As part of any PDP risk management plan, the police should decide whether third-party disclosure is necessary. If a PDP meeting is being held, disclosure should be given due consideration on a case-by-case basis as a standard agenda item. The decision to disclose should balance the PDP’s rights under Article 8 and the victim’s right to Articles 2 and 3. Decision makers will need to consider how best to make a victim safe, for example use of civil orders, deployment of specialist policing units, Domestic Violence Disclosure Scheme, Child Sex Offender Disclosure Scheme, etc. This will include deciding whether informing the PDP, and/or the victim, will assist or hinder this. Proportionality is important and should be linked to the options available to manage the PDP.
Information sharing
There is legislation that supports the sharing of information for policing purposes. In cases of doubt, these should be identified and stated for the benefit of all those sharing information.
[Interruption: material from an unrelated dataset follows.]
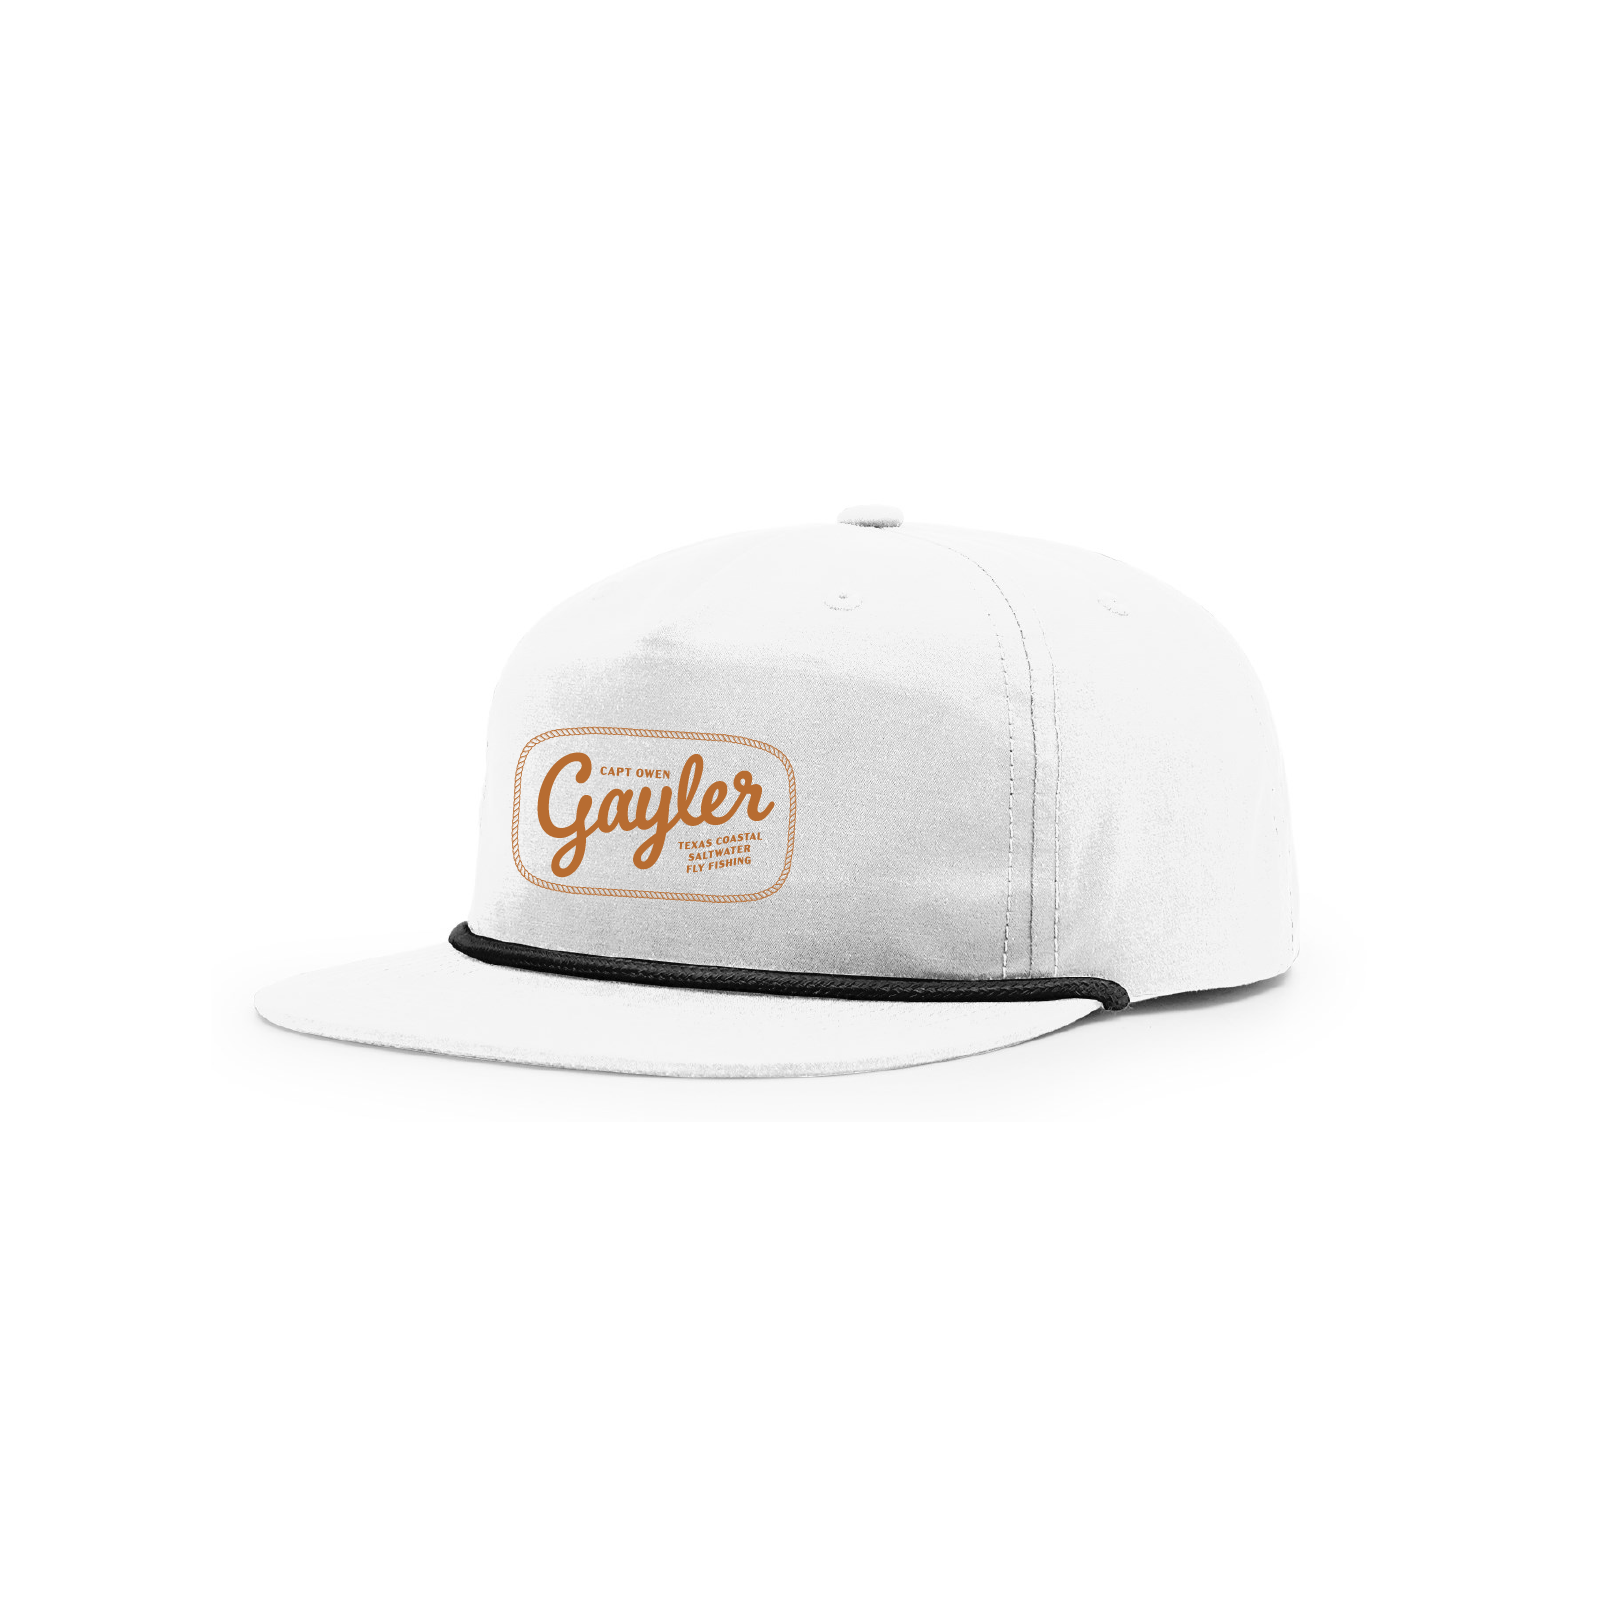 Gayler Brand Goods — Owen Gayler Fly Fishing, Port O'Connor, Texas
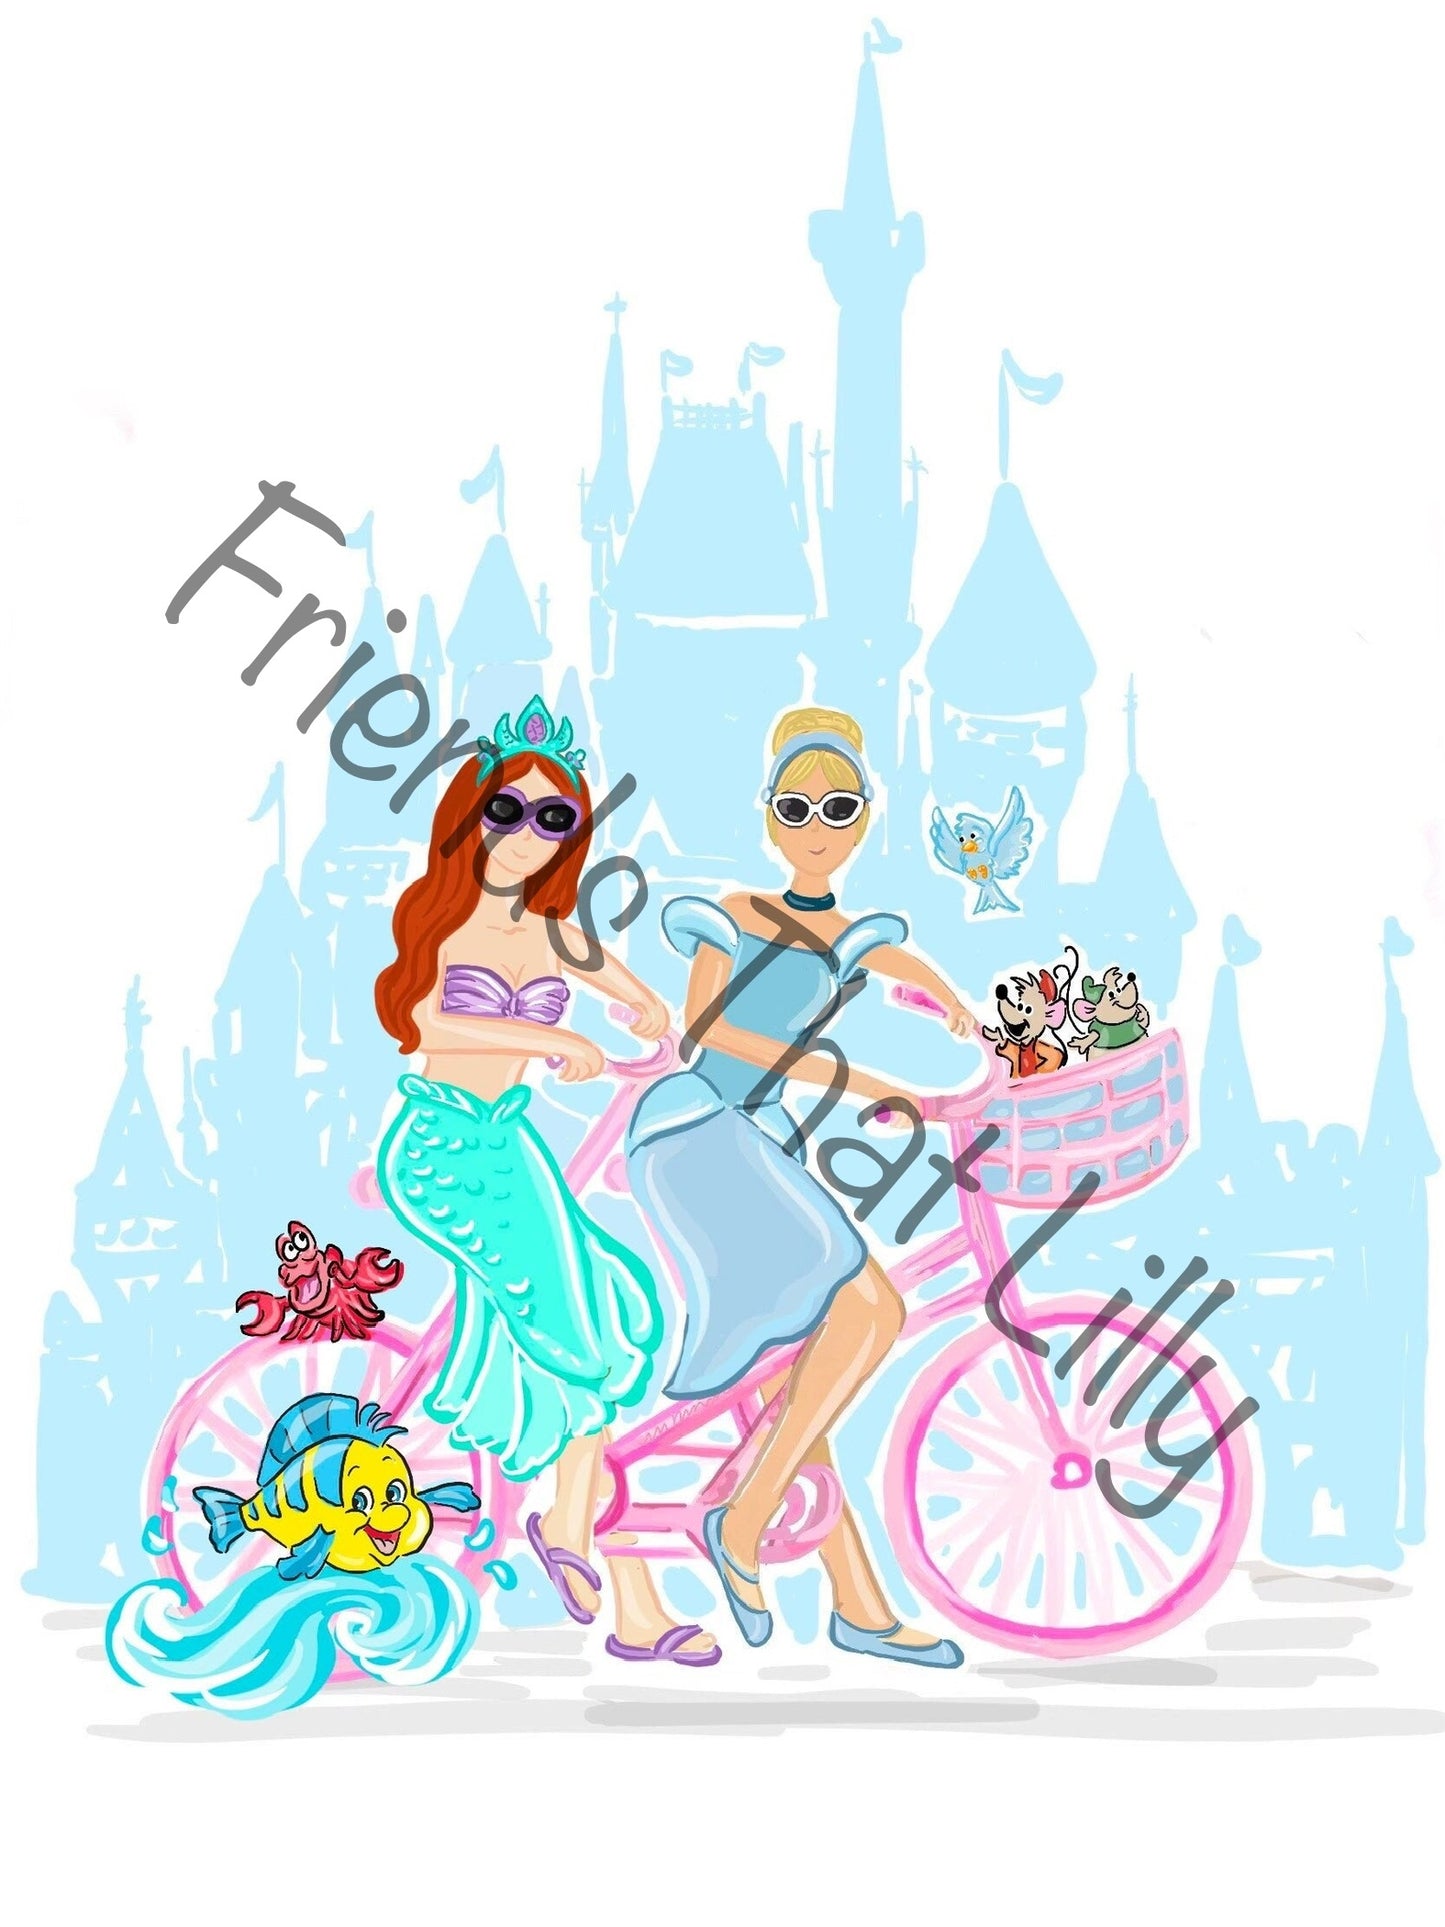 SALE! Kids FTL Mermaid and Blue Princess Illustration Shirts

Necessity and proportionality
Only the right amount of information should be shared with only the appropriate staff in each agency and must be proportional to the risk presented.
For example, the PDP referral form may contain the personal data of multiple individuals (for example victims and perpetrators). Staff should consider the interests of all these people when sharing this information. In addition, information shared with a single point of contact (SPoC) in an agency does not give that SPoC the authority to share the information more widely across their organisation than is strictly necessary.
The more information shared beyond that which is necessary, the more likely the sharing will be disproportionate and, therefore, unlawful.
Stored and shared safely and securely
All information about PDPs must be kept and shared safely and securely, and should only be available to, and shared with, those who have a legitimate interest in knowing it. Safeguards must be in place to ensure that people who do not have a legitimate interest in the information cannot access it. The more sensitive the information and the more serious the consequences of accidental loss or disclosure of such information, the more stringent the procedures needed to protect it. For further information, see Data Protection Act 2018.
Agencies must ensure that staff have confidence in the administrative procedures underpinning efficient PDP management. Accurate, clear and timely record keeping is necessary to demonstrate accountable information sharing and show safe and secure information storage and retrieval procedures.
Effective policing of PDPs requires information sharing and efficient information management. See APP on information management.
Deregistration of a PDP
A suitably qualified inspector or above can decide to deregister a PDP if the PDP becomes eligible for MAPPA management or:
- there are no longer reasonable grounds for believing that there is a risk of them causing serious harm
- no additional reason has been raised that suggests it is necessary to continue to manage the individual as a PDP
This should be recorded on the original PDP referral form and noted on the PDP’s ViSOR record, following which the ViSOR record will be archived.
Requests under the Freedom of Information Act 2000
The management of MAPPA offenders attracts a significant amount of interest, and forces receive many requests under the Freedom of Information (FOI) Act 2000 for information on local processes and offenders. The management of PDPs can attract similar levels of interest. Any FOI requests must be referred to the National Police Chiefs' Council national policing freedom of information and data protection central referral unit (CRU) who will provide advice, best practice and consistency. After referring a request, staff should not respond to the applicant before hearing from the CRU.